Source material

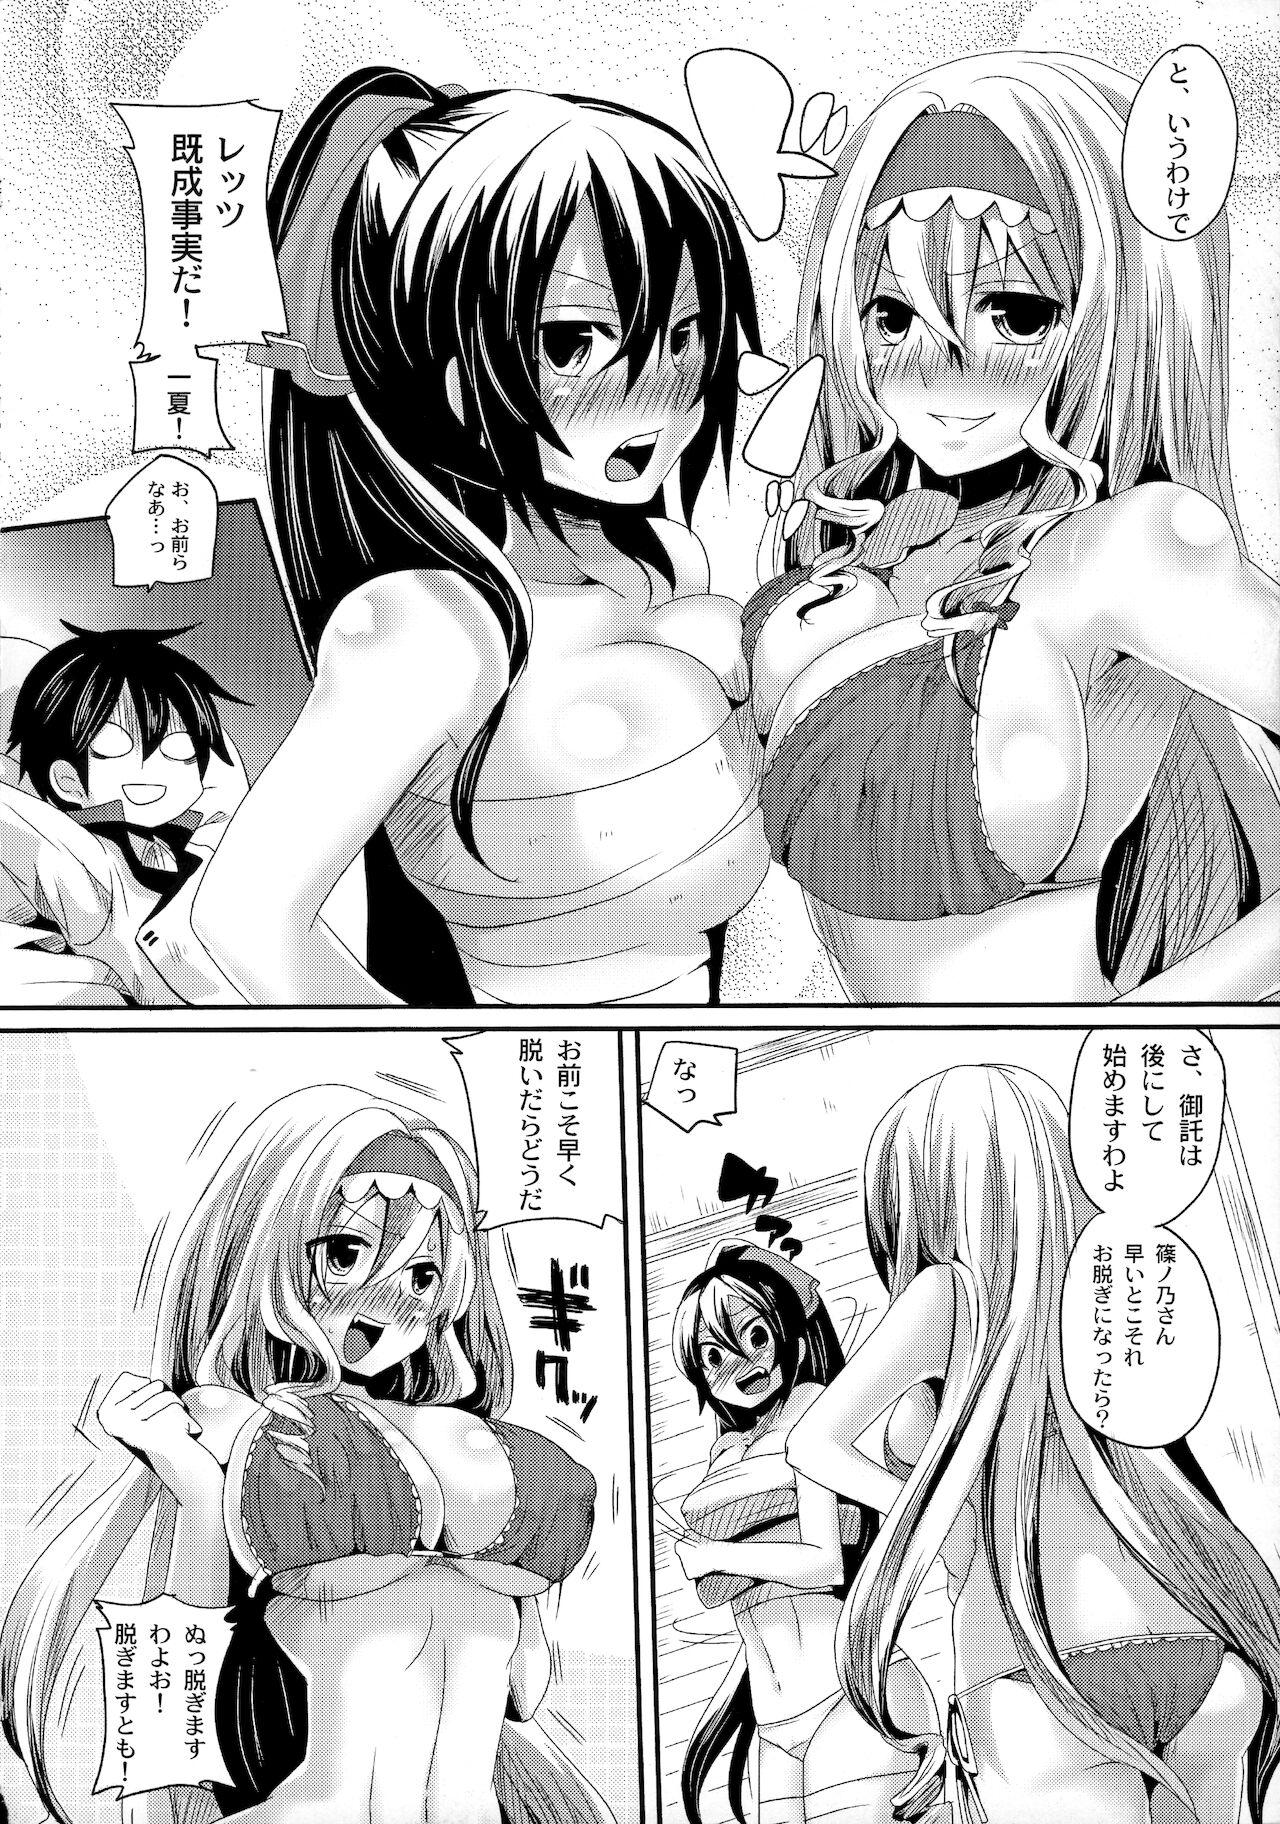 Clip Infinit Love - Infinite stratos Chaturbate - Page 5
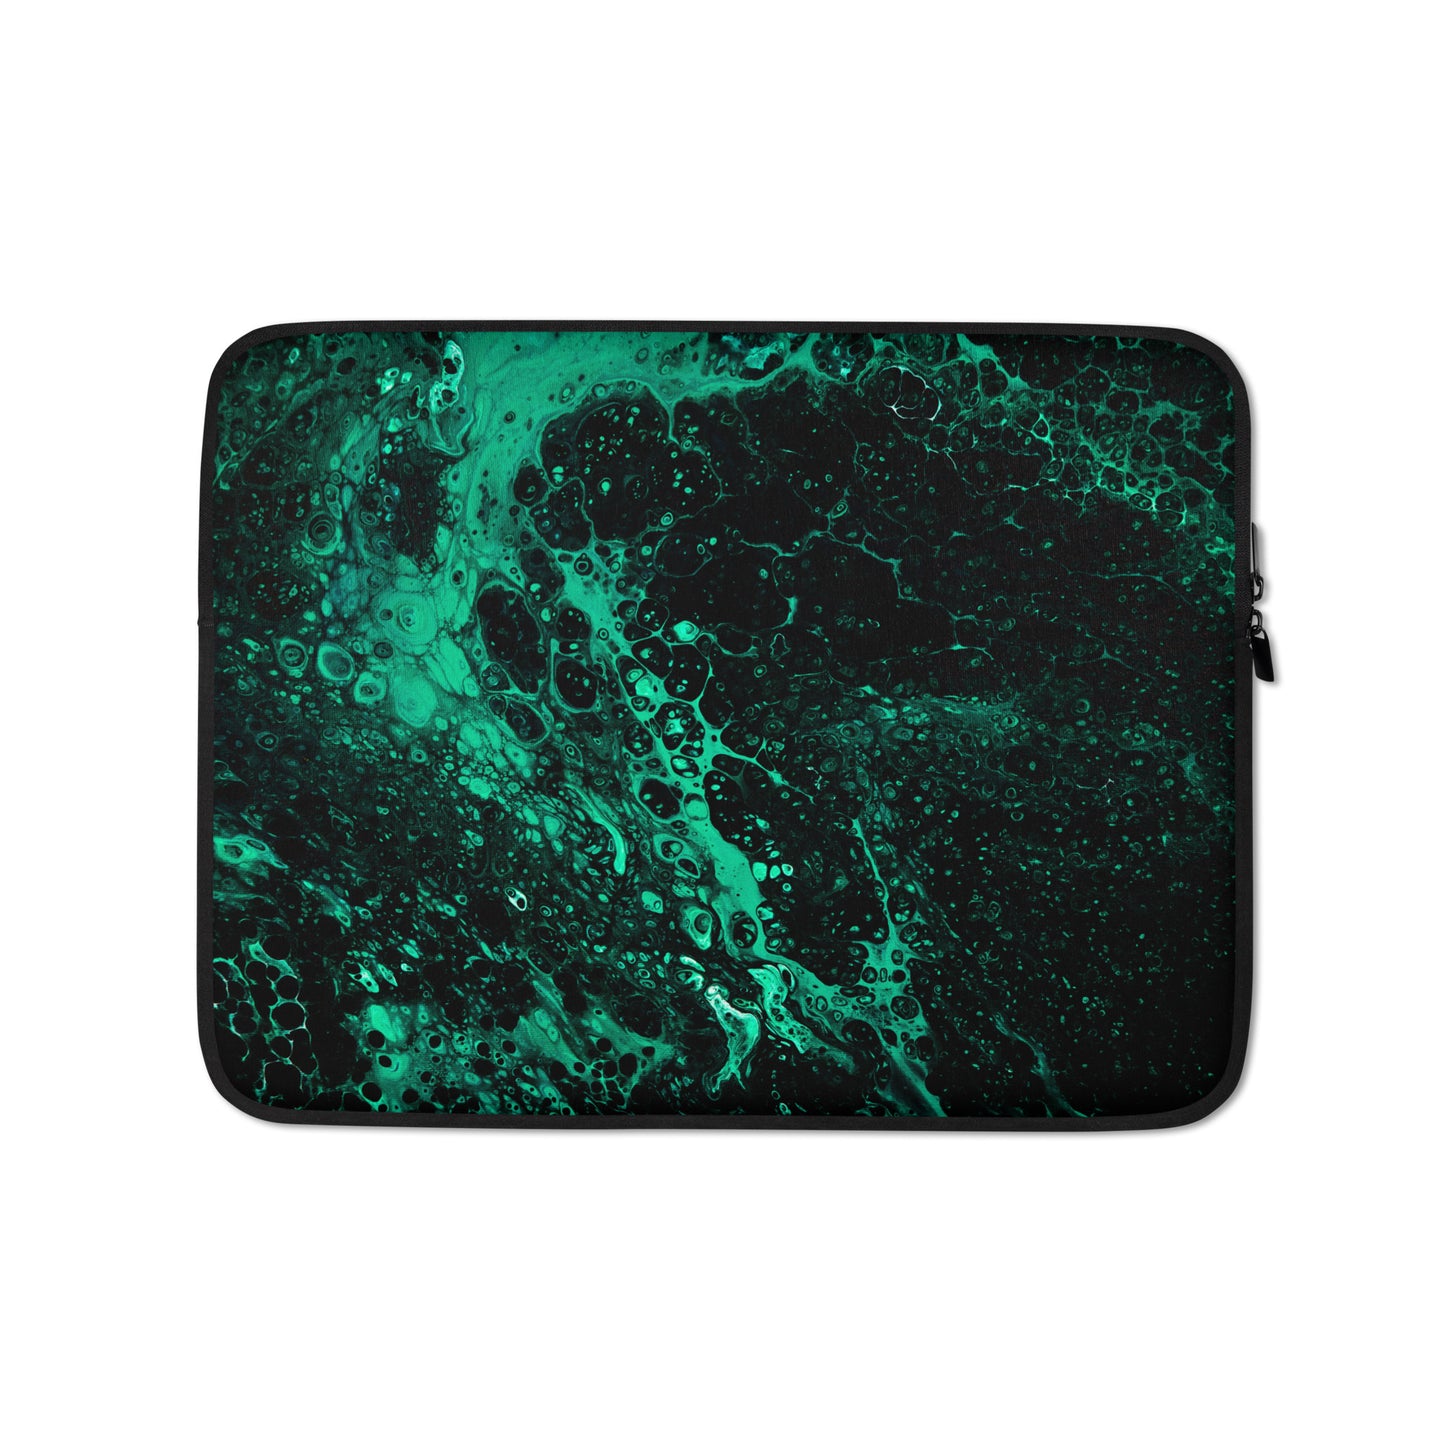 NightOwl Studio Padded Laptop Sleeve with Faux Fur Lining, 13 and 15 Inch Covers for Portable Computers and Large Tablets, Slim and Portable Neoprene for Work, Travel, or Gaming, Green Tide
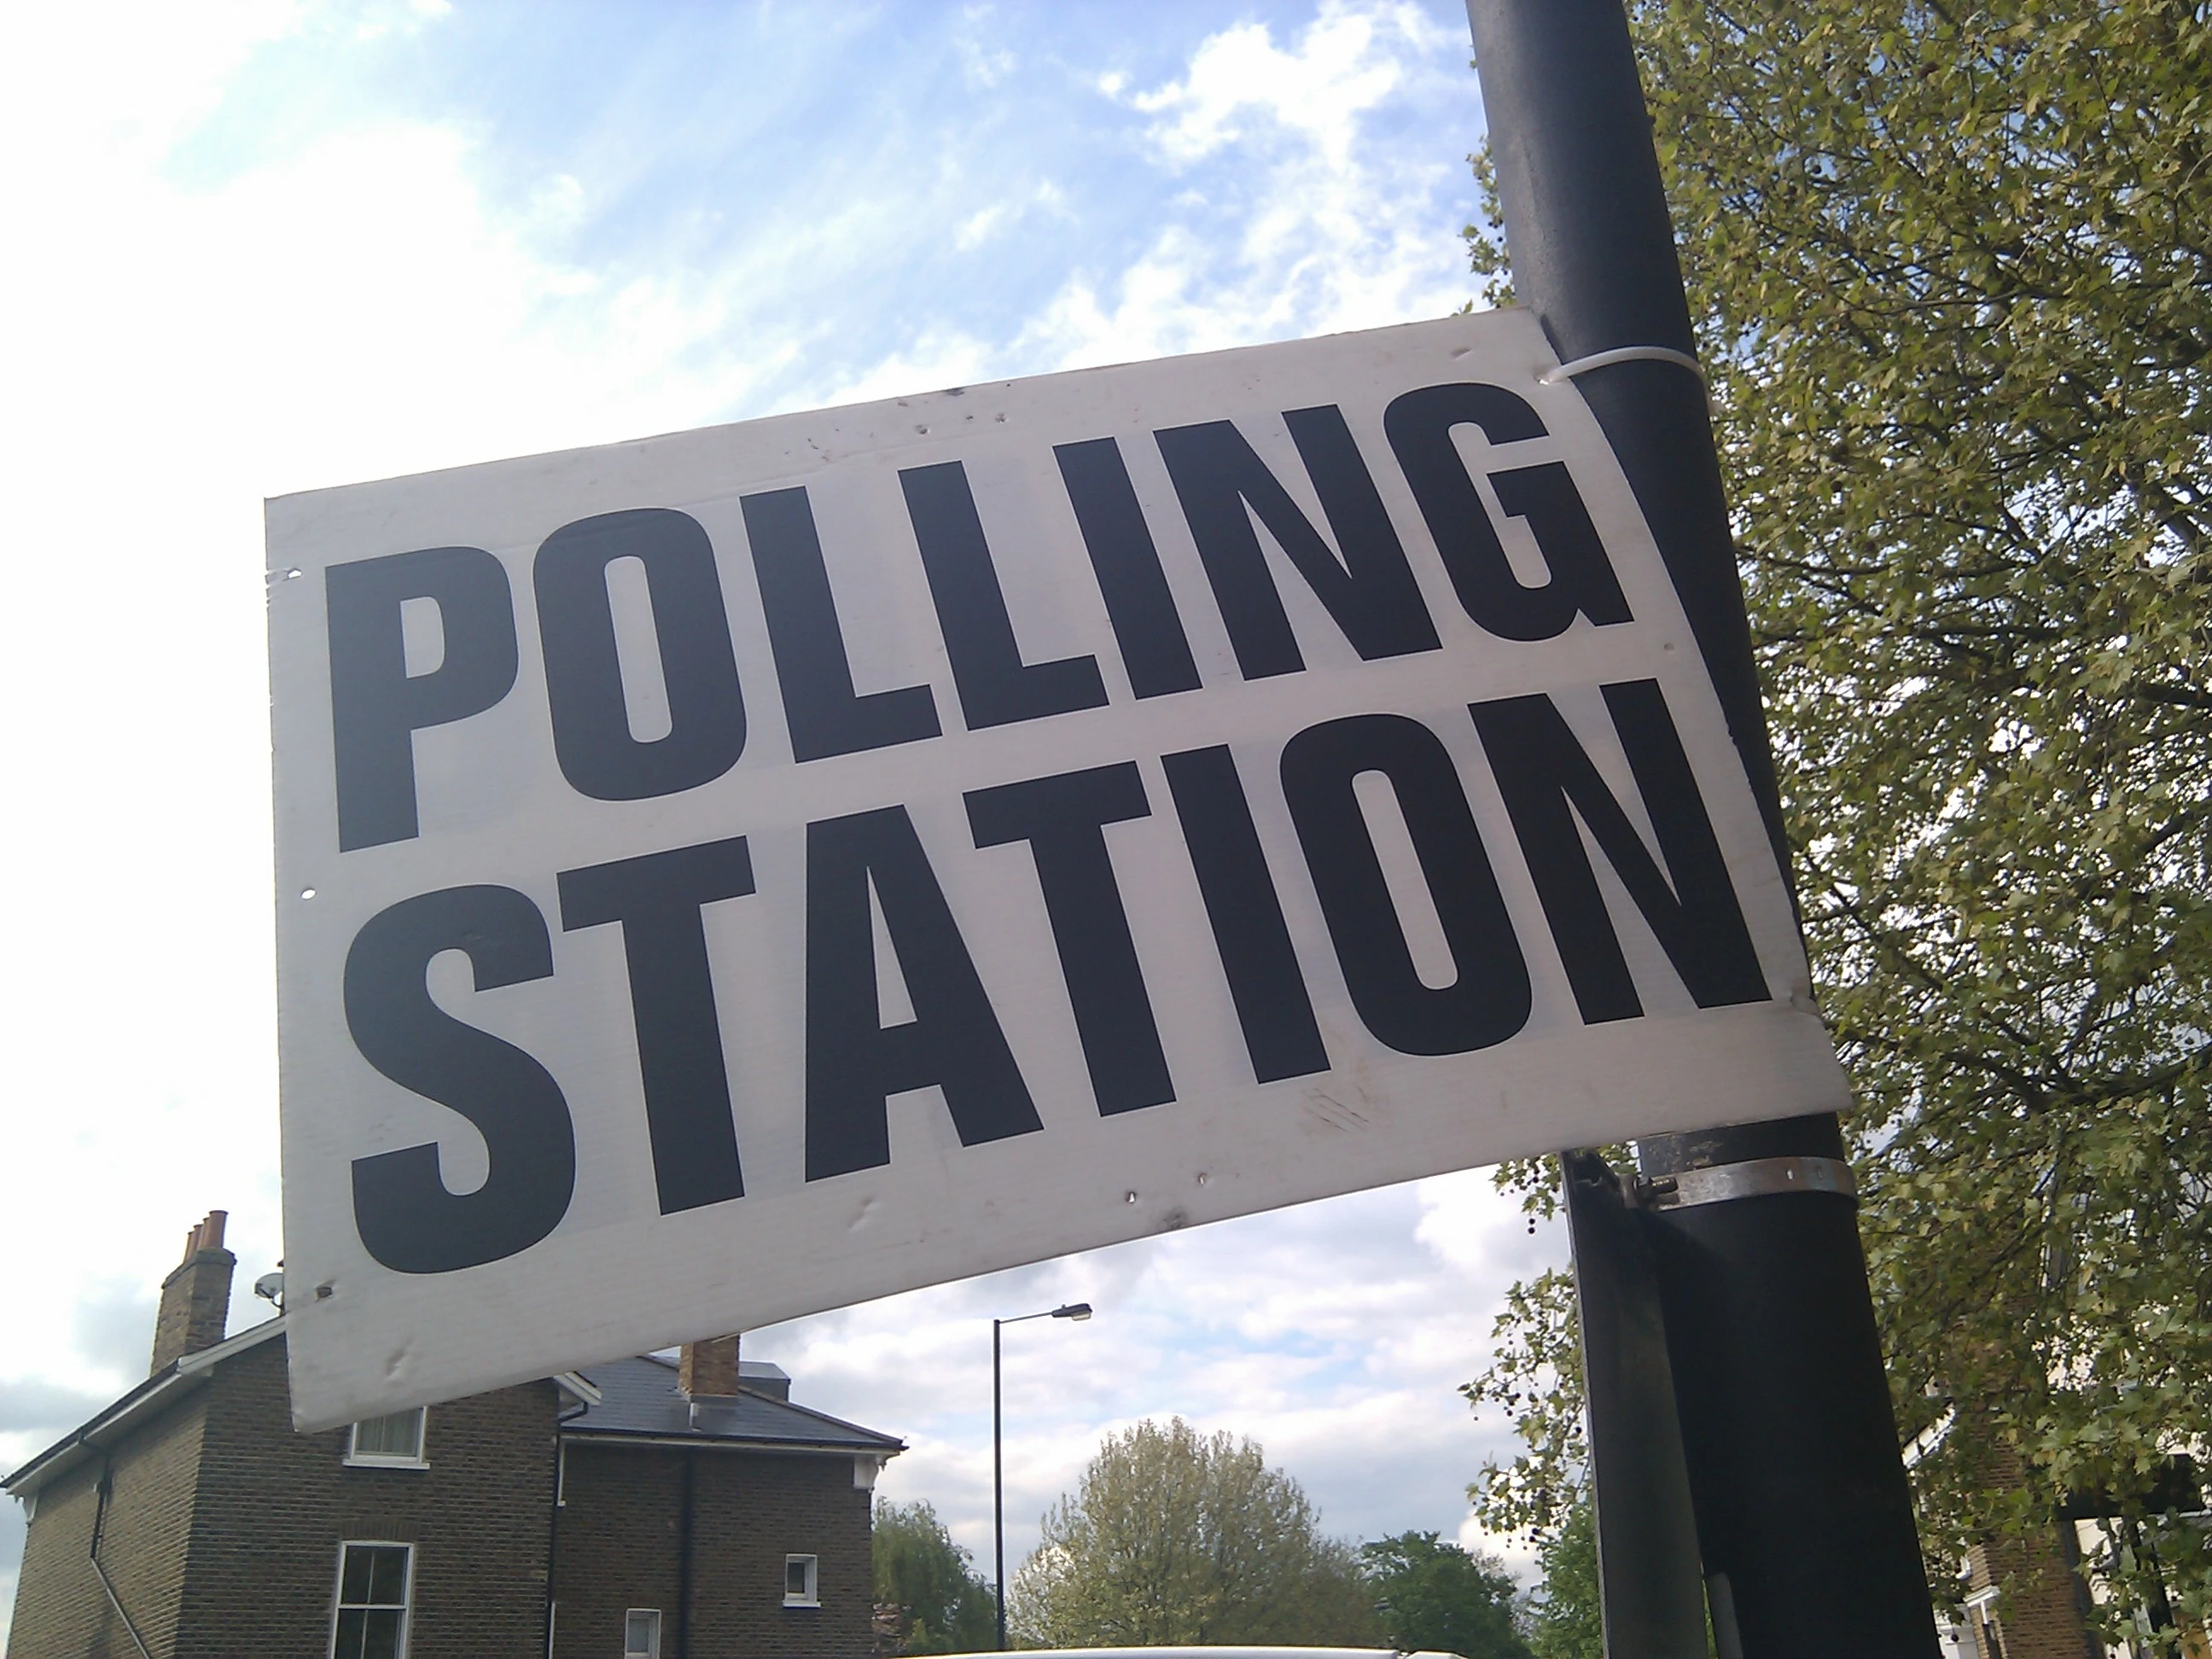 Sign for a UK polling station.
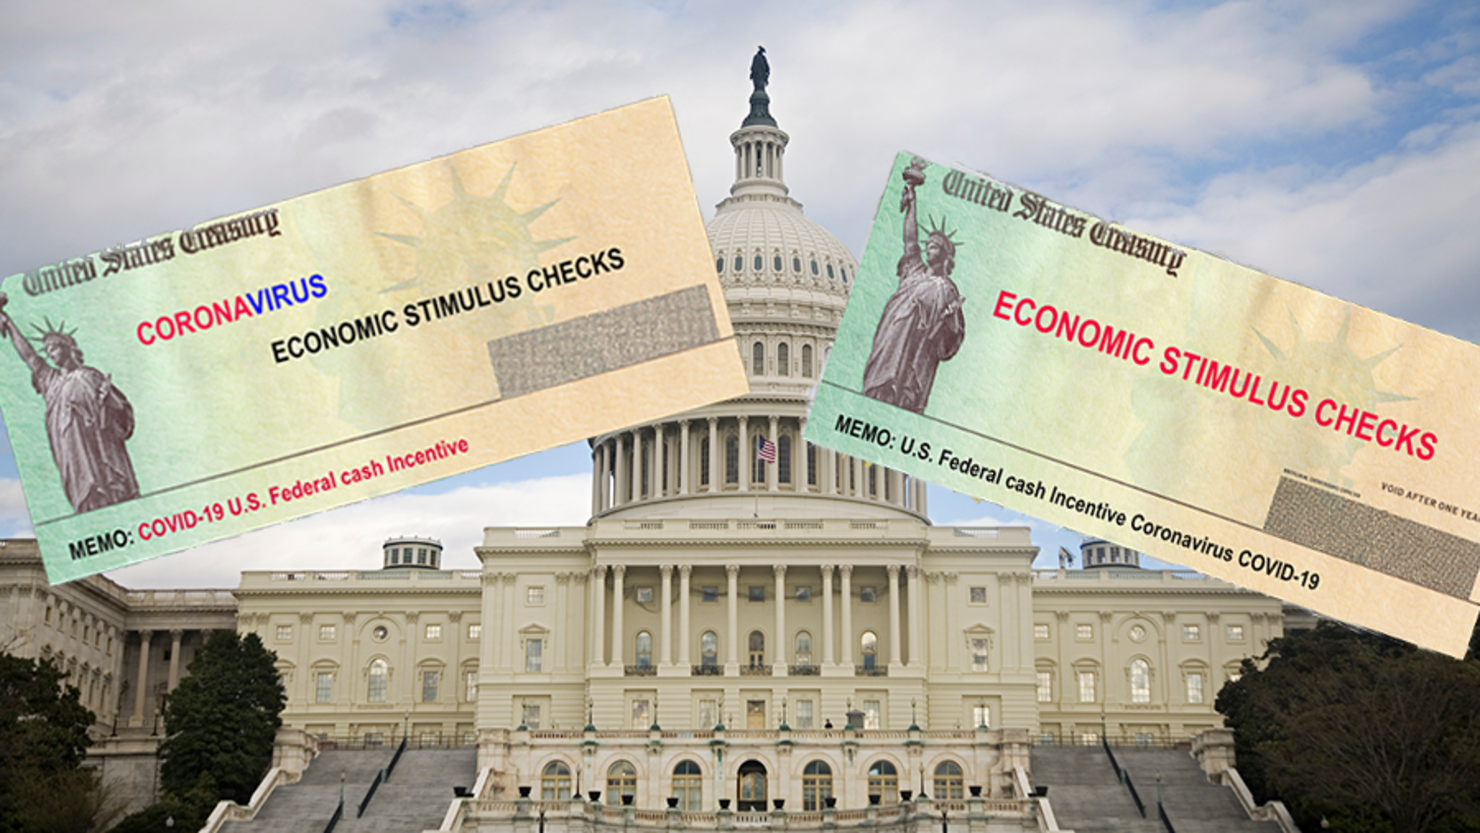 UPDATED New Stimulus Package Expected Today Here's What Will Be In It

How to complete this task
Take the line with "Sign for a UK polling station." and each line after it through the end of the material above, and reproduce them exactly, both ends included, without pictures.

Task result
 Sign for a UK polling station.
 UPDATED New Stimulus Package Expected Today Here's What Will Be In It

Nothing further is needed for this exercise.